Tokens can have multiple tags, so there are more rows than unique token IDs.  In order to pass the data into a CRF model, we need to have one tag per token, so we'll simply **take the first tag** when we extract features for each token.

#### Word Embeddings

Get GloVe word embeddings (which were trained on English Wikipedia entries) for the vocabulary of the dataset (the unique tokens in the training set):

In [11]:
dimensions = ["50", "100", "200", "300"]
d = dimensions[0]

In [12]:
glove = utils.getGloveEmbeddings(d)
# print(glove["the"])

In [13]:
vocabulary = list(df_train.token.unique())
vocabulary_lowercased = [token.lower() for token in vocabulary]
vocabulary_lowercased = list(set(vocabulary_lowercased))
print("Vocabulary size:", len(vocabulary))
print("Lowercased vocabulary size:", len(vocabulary_lowercased))

Vocabulary size: 35968
Lowercased vocabulary size: 31335


In [14]:
word_embeddings = utils.getEmbeddingsForTokens(glove, vocabulary)

In [15]:
assert np.array_equal(word_embeddings[0], glove[vocabulary[0].lower()])

In [16]:
embedding_dict = dict(zip(vocabulary, word_embeddings))

In [17]:
embedding_dict_keys = list(embedding_dict.keys())
for token in vocabulary:
    assert token in embedding_dict_keys

In [18]:
# Reference: https://sklearn-crfsuite.readthedocs.io/en/latest/tutorial.html

# Get a vector representation of a token from a GloVe word embedding
def extractEmbedding(token, embedding_dict=glove, dimensions=int(d)):
    if token.isalpha():
        token = token.lower()
    try:
        embedding = embedding_dict[token]
    except KeyError:
        embedding = np.zeros((dimensions,))
    return embedding.reshape(-1,1)

def extractTokenFeatures(sentence, i):
    token = sentence[i][0]
    pos = sentence[i][1]
    features = {
        'bias': 1.0,
        'token': token,
    }
    
    # Add each value in a token's word embedding as a separate feature
    # Reference: https://stackoverflow.com/questions/58736548/how-to-use-word-embedding-as-features-for-crf-sklearn-crfsuite-model-training
    embedding = extractEmbedding(token)
    for i,n in enumerate(embedding):
        features['e{}'.format(i)] = n
    
    # Record whether a token is the first or last token of a sentence
    if i == 0:
        features['START'] = True
    elif i == (len(sentence) - 1):
        features['END'] = True
    
    return features

def extractSentenceFeatures(sentence):
    return [extractTokenFeatures(sentence, i) for i in range(len(sentence))]

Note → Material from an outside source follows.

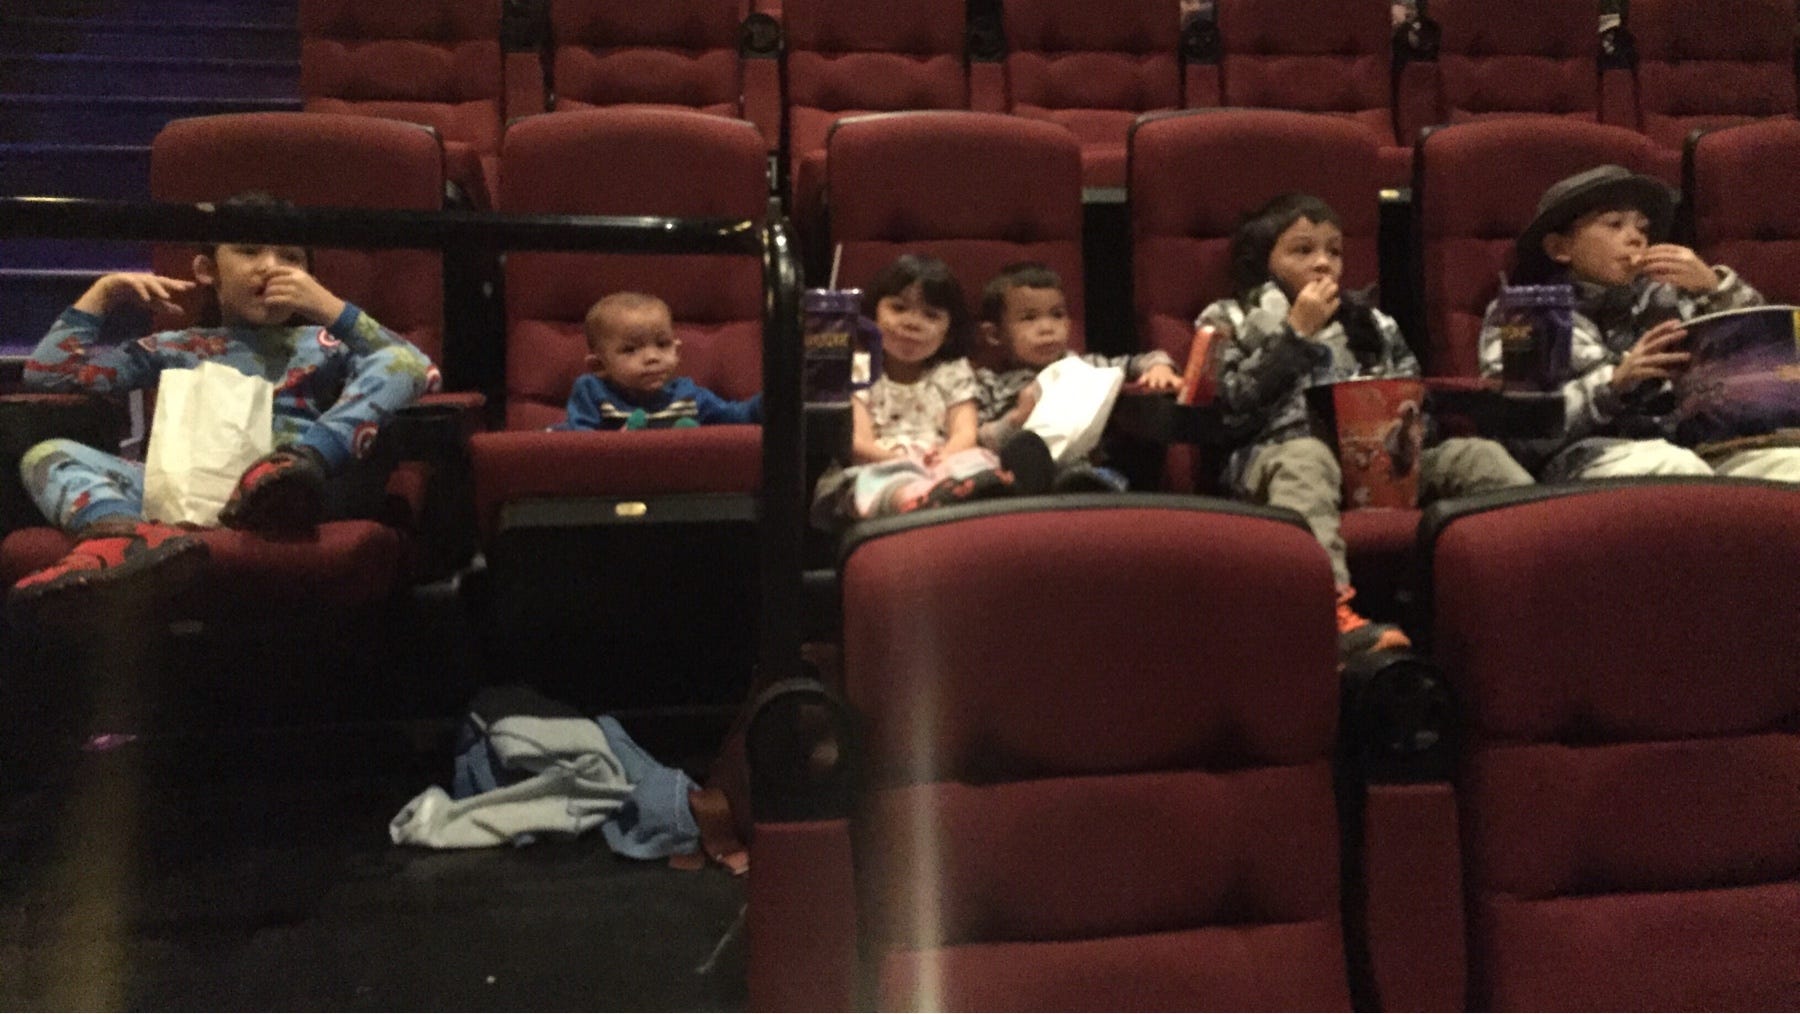 How To Watch Star Wars The Force Awakens With Little Kids

def extractSentenceTargets(sentence):
    return [tag_list[0] for token, pos, tag_list in sentence]

def extractSentenceTokens(sentence):
    return [token for token, pos, tag_list in sentence]

<a id="h"></a>
#### Hypothesis:
The three multiclass baseline sequence classifiers with GloVe word embeddings as features will have higher F1 scores than the same models with custom fastText embeddings. 

<a id="1"></a>
## 1. Models

<a id="all"></a>
## All Labels

* **Features:** custom fastText embeddings
* **Target:** Person-Name label category IOB tags
* **Algorithm:** AROW, variance=1

#### Preprocessing

In [19]:
df_train_token_groups = utils.implodeDataFrame(df_train, ['token_id', 'sentence_id', 'pos', 'token'])
df_dev_token_groups = utils.implodeDataFrame(df_dev, ['token_id', 'sentence_id', 'pos', 'token'])
df_train_token_groups = df_train_token_groups.reset_index()
df_dev_token_groups = df_dev_token_groups.reset_index()

In [20]:
df_train_grouped = utils.implodeDataFrame(df_train_token_groups, ['sentence_id'])
df_dev_grouped = utils.implodeDataFrame(df_dev_token_groups, ['sentence_id'])
df_train_grouped = df_train_grouped.rename(columns={"token":"sentence"})
df_dev_grouped = df_dev_grouped.rename(columns={"token":"sentence"})
# df_dev_grouped.head()

Zip the POS and category tags together with the tokens so each sentence item is a tuple: `(TOKEN, POS-TAG, TAG_LIST)`

In [21]:
df_train_grouped = df_train_grouped.reset_index()
df_dev_grouped = df_dev_grouped.reset_index()
train_sentences = utils.zipFeaturesAndTarget(df_train_grouped, "tag")
dev_sentences = utils.zipFeaturesAndTarget(df_dev_grouped, "tag")

In [23]:
# Features
X_train = [extractSentenceFeatures(sentence) for sentence in train_sentences]
X_dev = [extractSentenceFeatures(sentence) for sentence in dev_sentences]
# Target
y_train = [extractSentenceTargets(sentence) for sentence in train_sentences]
y_dev = [extractSentenceTargets(sentence) for sentence in dev_sentences]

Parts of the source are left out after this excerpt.